Прикладистая машинка. Смирнов взял пистолет в руки, повертел. Один из шурупов эбонитовой накладки рукоятки пистолета был явно вкручен шкодливой российской рукой - латунная его головка резко отличалась от черных, в цвет, австрийских своих соседей.
– Где Куркуль, Сережа?
– мягко спросил Смирнов у Ларионова.
– Ищу, - ответил тот настороженно.
– Ты ищешь, а он убивает.
– Что поделаешь!
– нервно огрызнулся Сергей.
– Я не в упрек, Сережа. Просто не хочу, чтобы мы еще один труп нашли. Его живым взять надо. С дамочками кончай, там пусто. Куркуль без денег, это ясно. Пока он не знает, что мы раскопали Столба, он наверняка попытается часть товара сбыть, так как без средств ему никуда не сдвинуться. А ему подальше от Москвы уйти надо, уйти и отлежаться где-нибудь в тихом и уютном местечке. Твоя главная забота сейчас: рынки (хоть и маловероятно, но надо попробовать), скорняки-частники, и главное подпольные скорняки, перешивающие ворованные меха. Так что дел у тебя по горло. Действуй, Рома. Стручок - твой. Достань из-под земли. Это в первую очередь. Как перспектива - шофер, вывозящий тюки из Дунькова.

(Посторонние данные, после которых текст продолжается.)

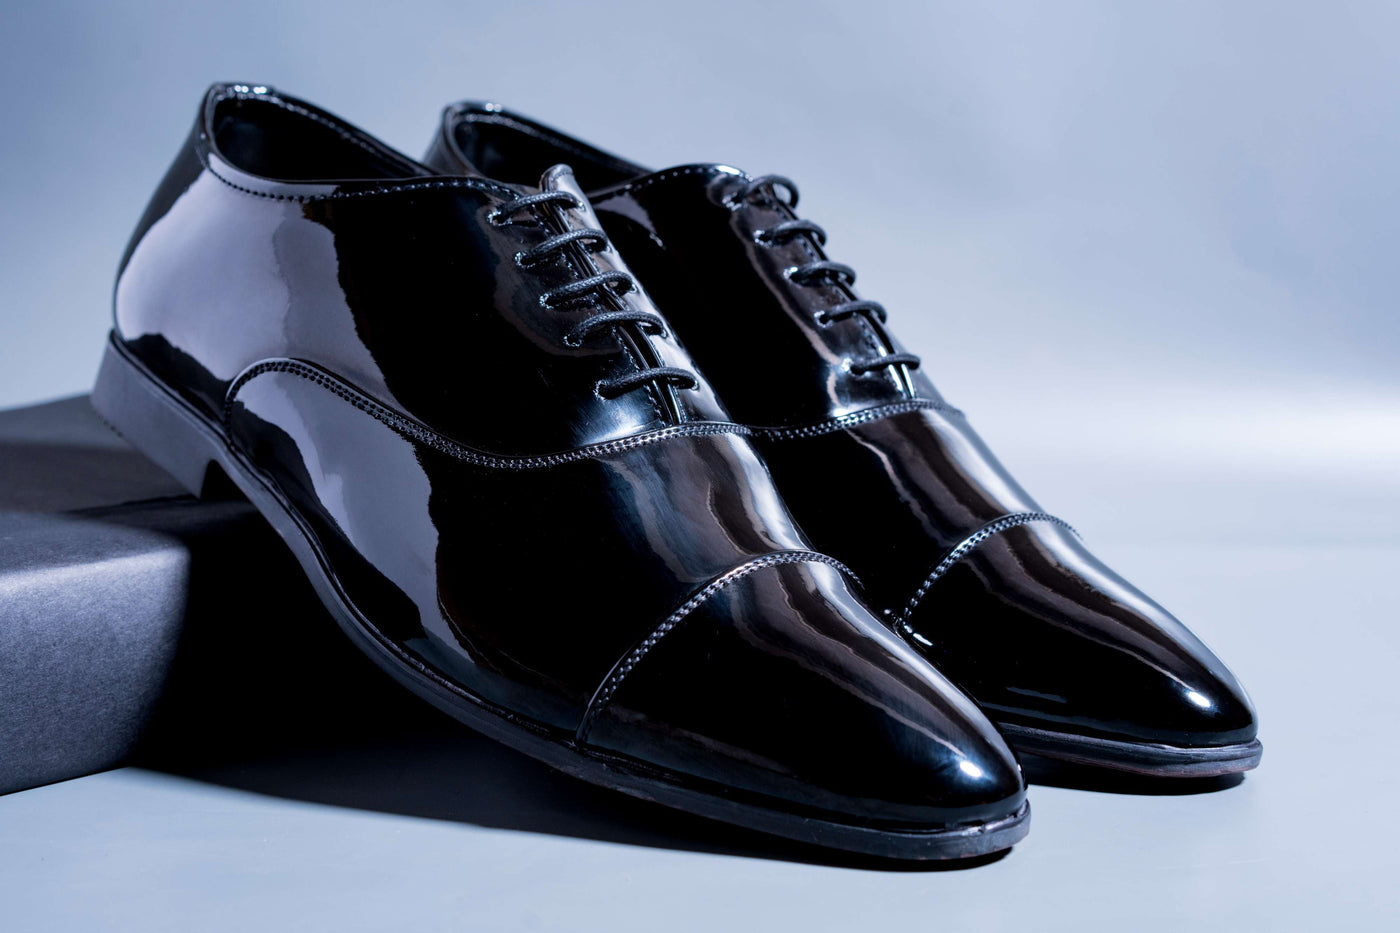 Shiny Black Men's Wear Pattern Premium Design Quality Oxford Formal Shoes-Unique and Classy
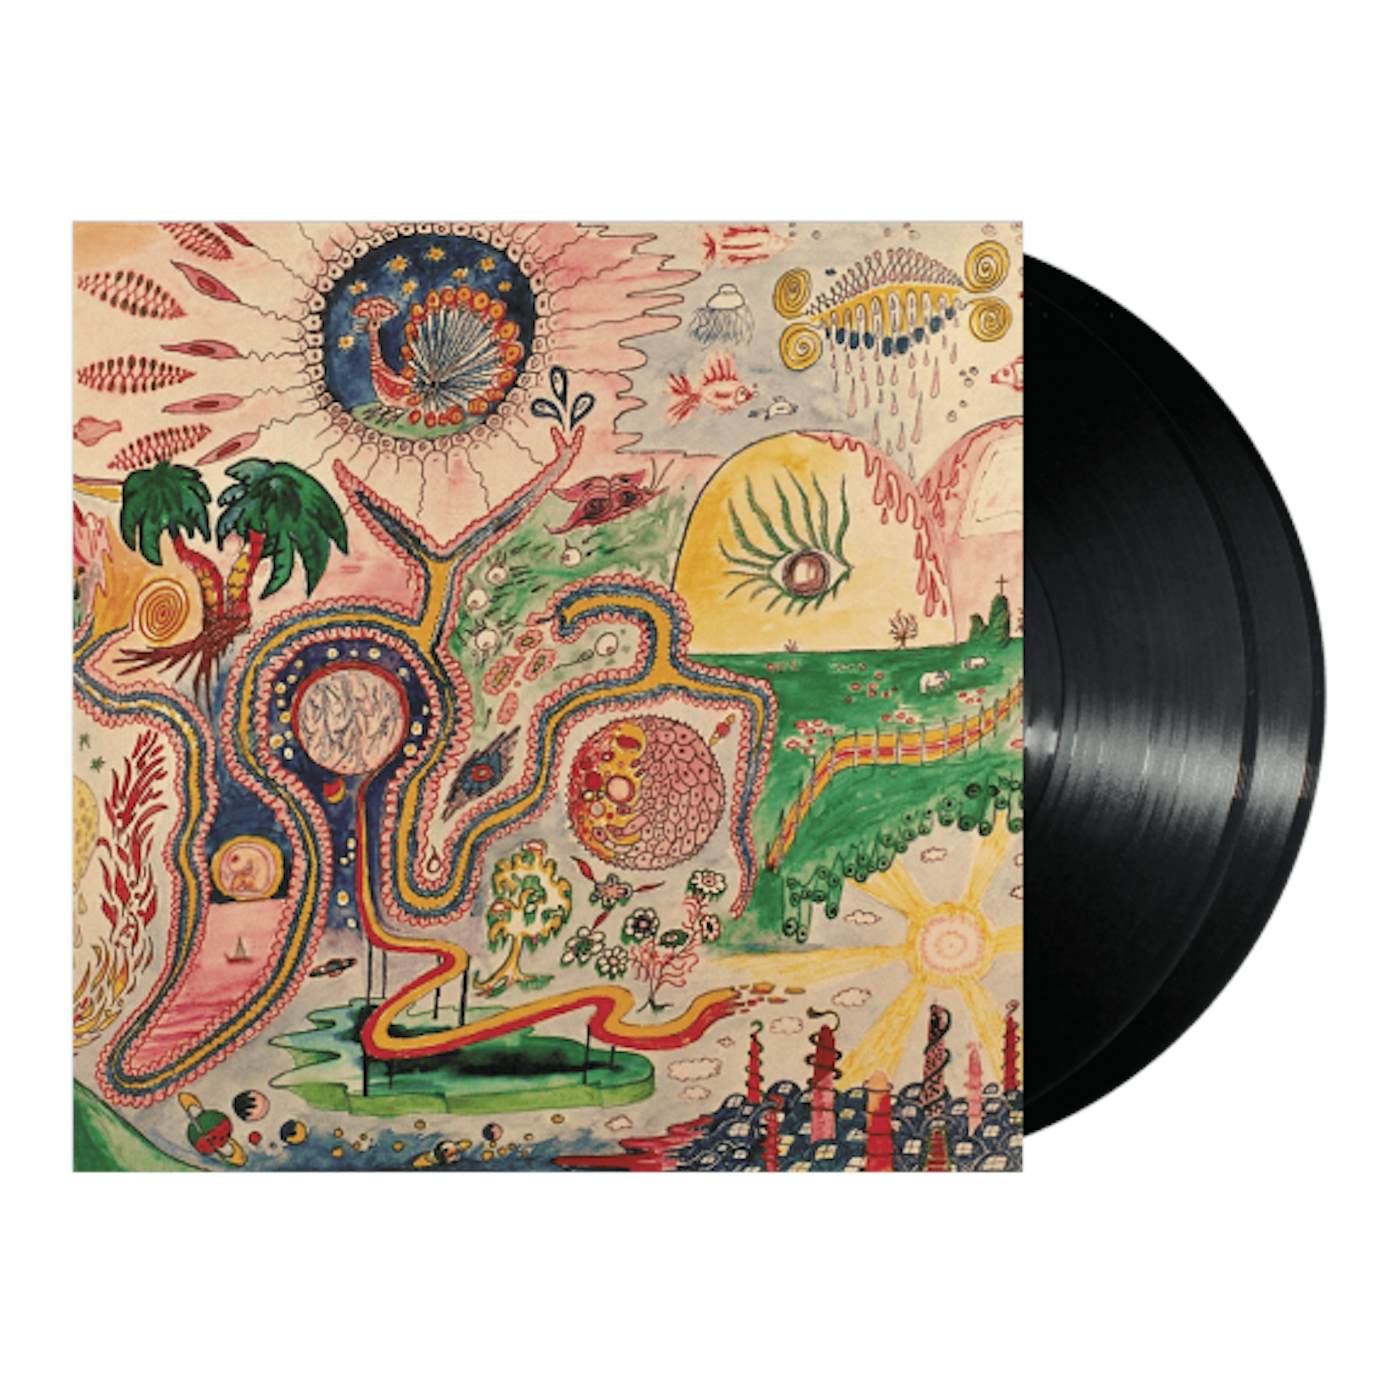 Youth Lagoon Wondrous Bughouse 2x12" Vinyl

– Я выяснил, кто привез мех в Дуньково, - сообщил Казарян.
– Пять контейнеров из общего тайника в Лихоборах в Дуньково перевез брат Вероники Борькиной, колхозный шофер. Столб в сарае борькинском эти тюки распотрошил, контейнеры, вернее, а тюки с мехом по ночам куда-то уносил, как призналась Борькина.
–
Бегать никуда не пришлось. Не успели Казарян и Ларионов всерьез обсудить план дальнейших мероприятий, как позвонили снизу, из проходной.
– Мне с вами поговорить надо, Роман Суренович, - раздался в трубке голос Геннадия Иванюка.
– ...Говори, Гена, - разрешил Казарян, когда Иванюк-младший устроился против него на стуле. Гена, не скрываясь, покосился на Ларионова. Тогда Казарян попросил:
– Сережа, оставь нас вдвоем.
Ларионов тотчас вышел.
– Час тому назад ко мне Виталька приходил, - признался Иванюк-младший.
– Зачем?
– Просил, чтоб я на станцию Дуньково по Рижской дороге съездил, по пивным походил, разговоры всякие послушал, не произошло ли там чего. Я отказался, Роман Суренович.
– Та-ак, - протяжно произнес Казарян и встал. Повторил: - Так. Тихо полежал Куркуль пять дней и решил на всякий случай провериться.
– Казарян выскочил в коридор и закричал: - Сережа, всех ребят ко мне!!!
Вернулся в кабинет, сел за стол, снова сказал:
– Та-ак...
– Я вам верю, Роман Суренович, - напомнил о себе Геннадий.
– Не понял?
– поднял брови Казарян.
– Вы Витальке обещали помочь.
– Обещал. Значит, сделаю. Он тебе больше ничего не говорил?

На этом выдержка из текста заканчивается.